■ What to produce: Within the listing below, the lines to output run from the one containing "Barco de pesca" through the one containing "Lobby or reception, Lobby/Reception"; copy them exactly and nothing else.

■ Dataset entries:
※

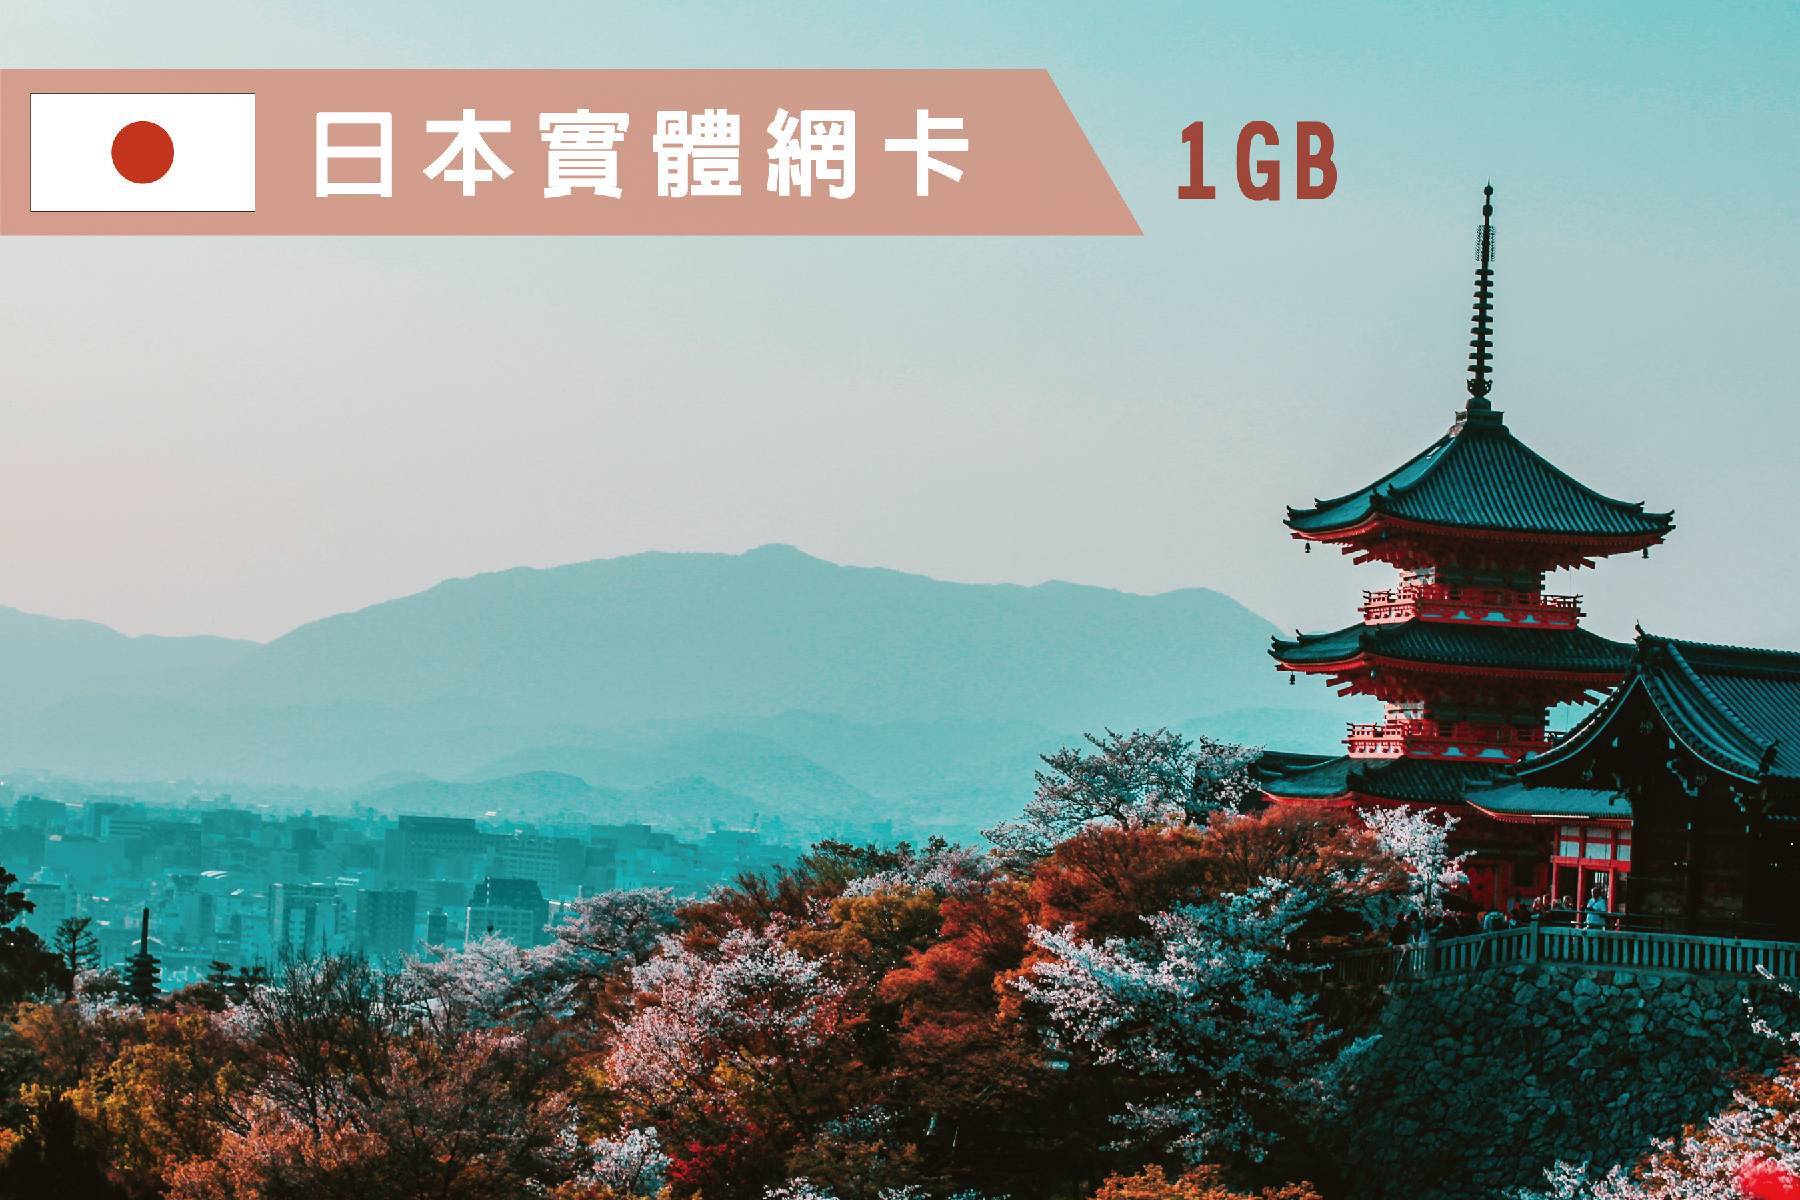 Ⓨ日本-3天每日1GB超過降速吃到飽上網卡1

※

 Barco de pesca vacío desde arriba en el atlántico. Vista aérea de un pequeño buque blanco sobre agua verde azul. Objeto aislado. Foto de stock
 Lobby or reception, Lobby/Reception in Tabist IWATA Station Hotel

※

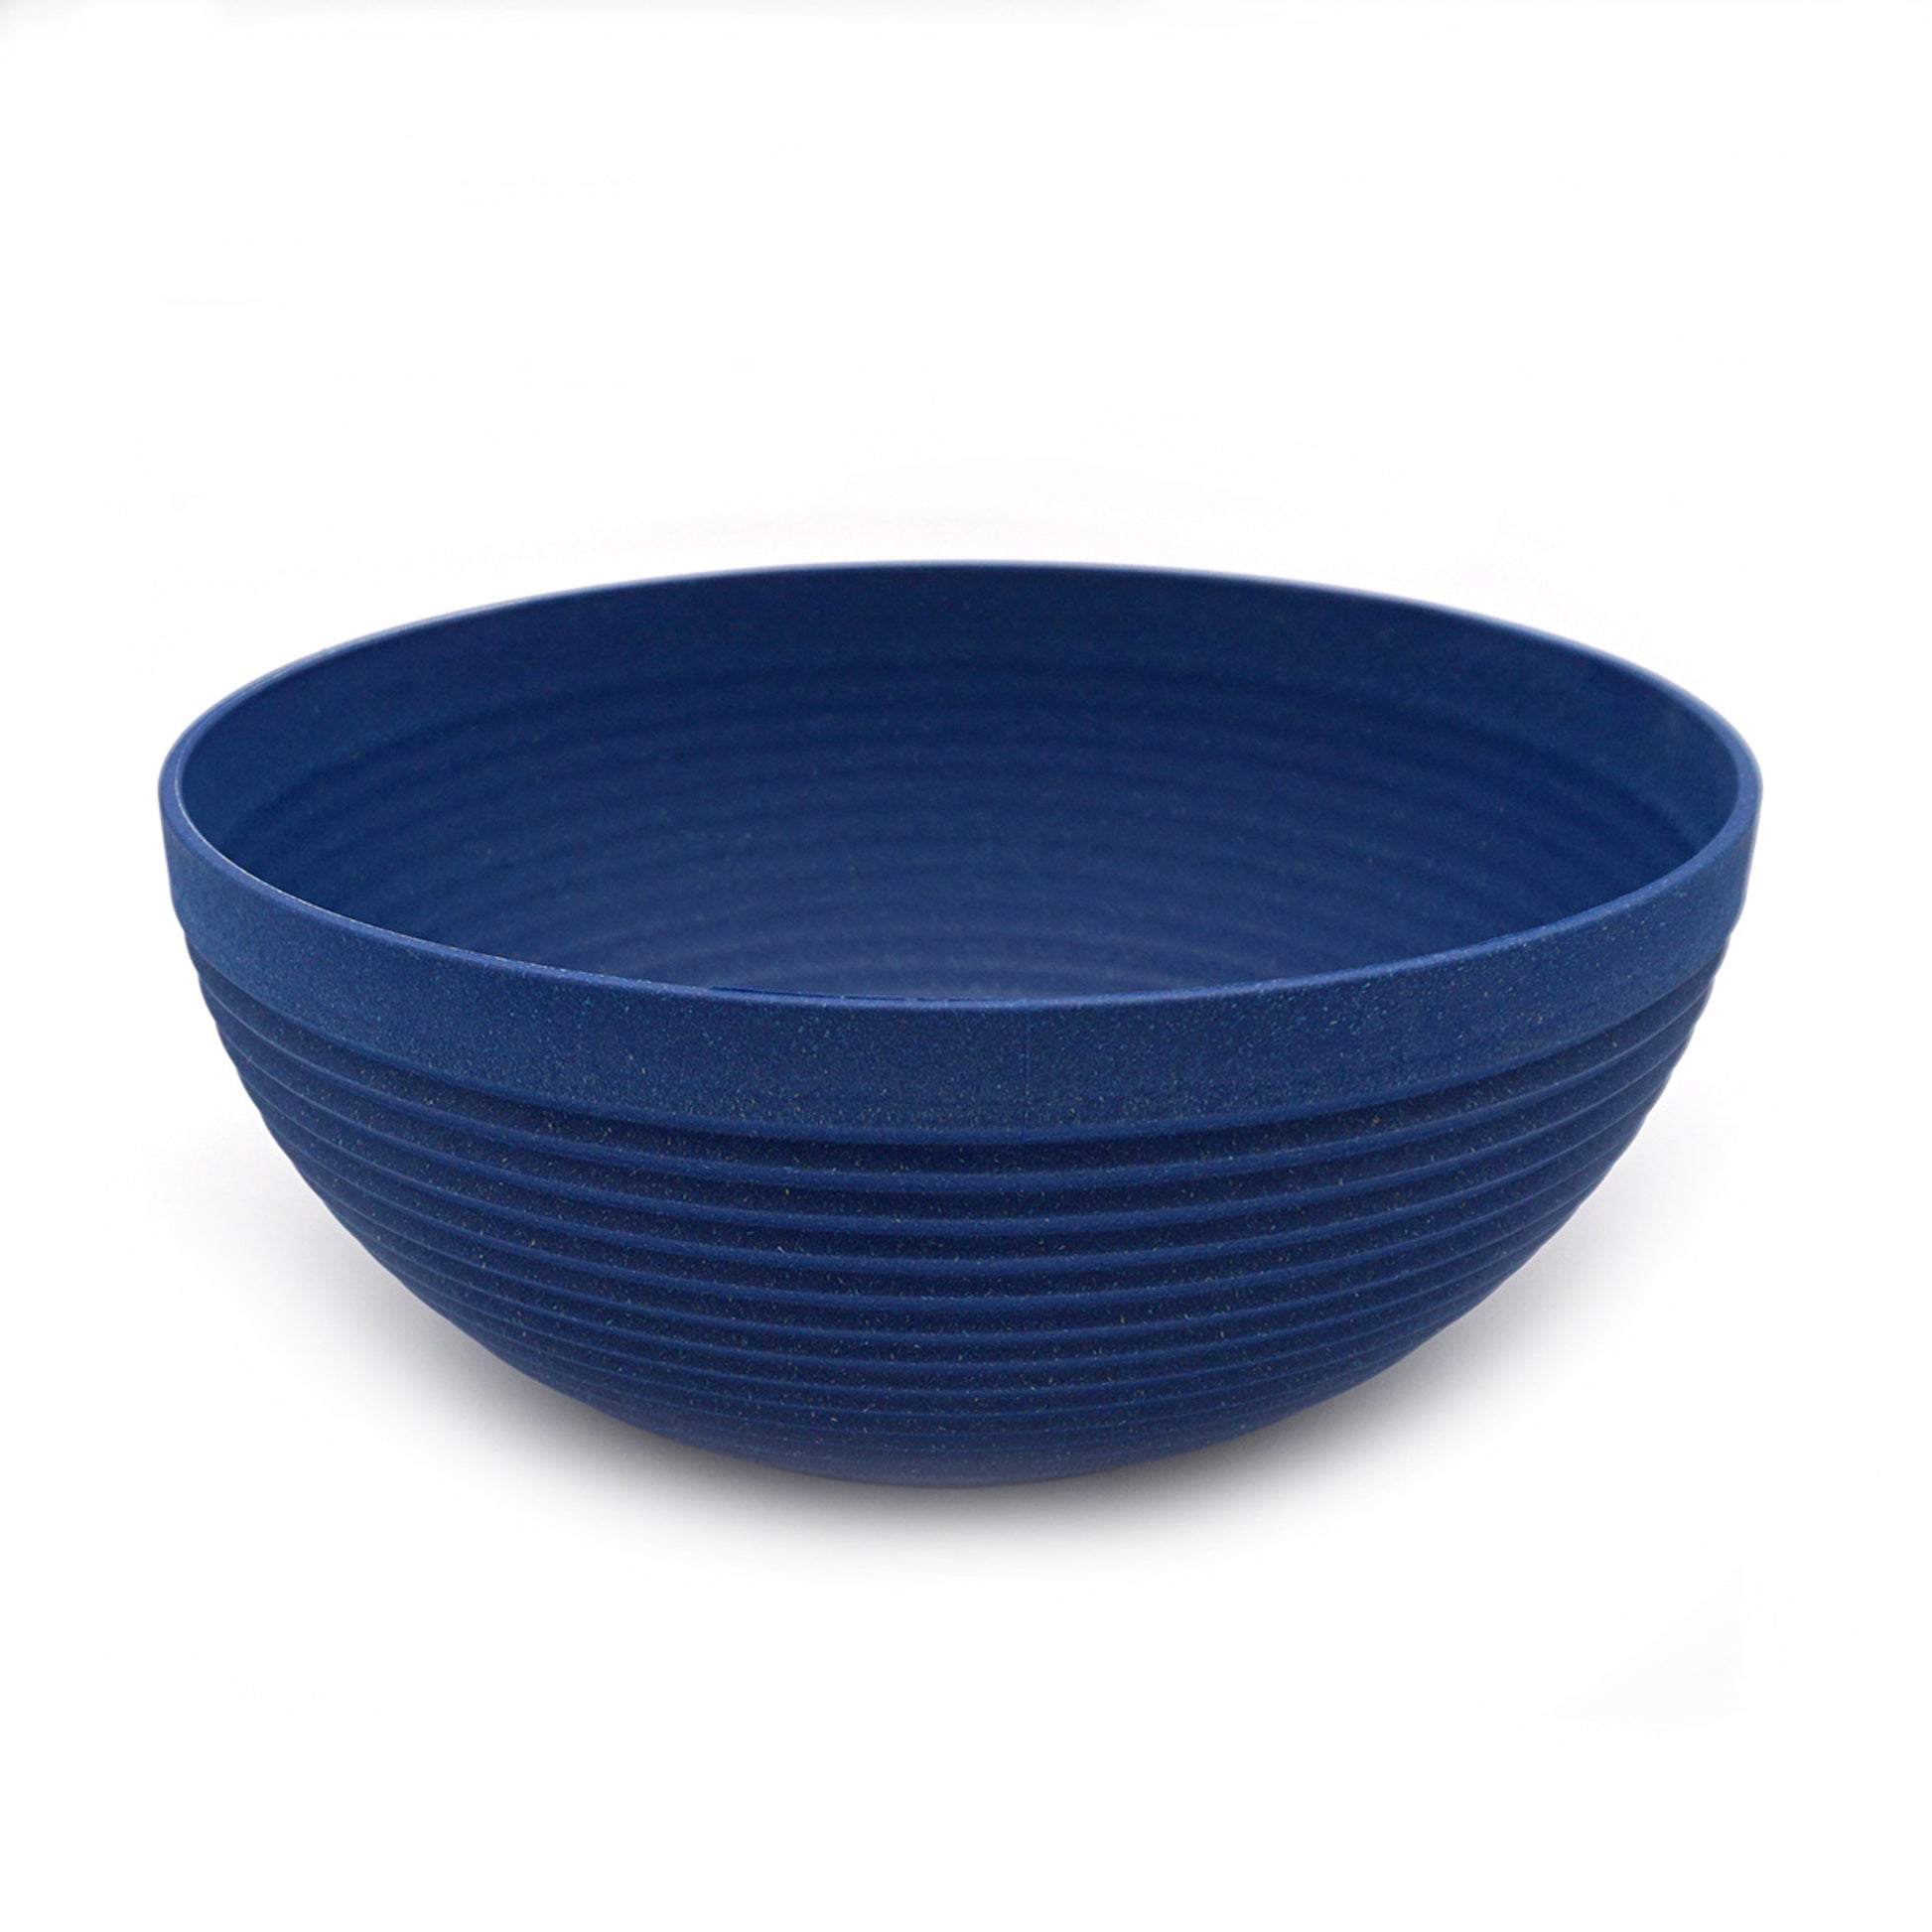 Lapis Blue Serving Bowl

※

■ Result below:
 Barco de pesca vacío desde arriba en el atlántico. Vista aérea de un pequeño buque blanco sobre agua verde azul. Objeto aislado. Foto de stock
 Lobby or reception, Lobby/Reception in Tabist IWATA Station Hotel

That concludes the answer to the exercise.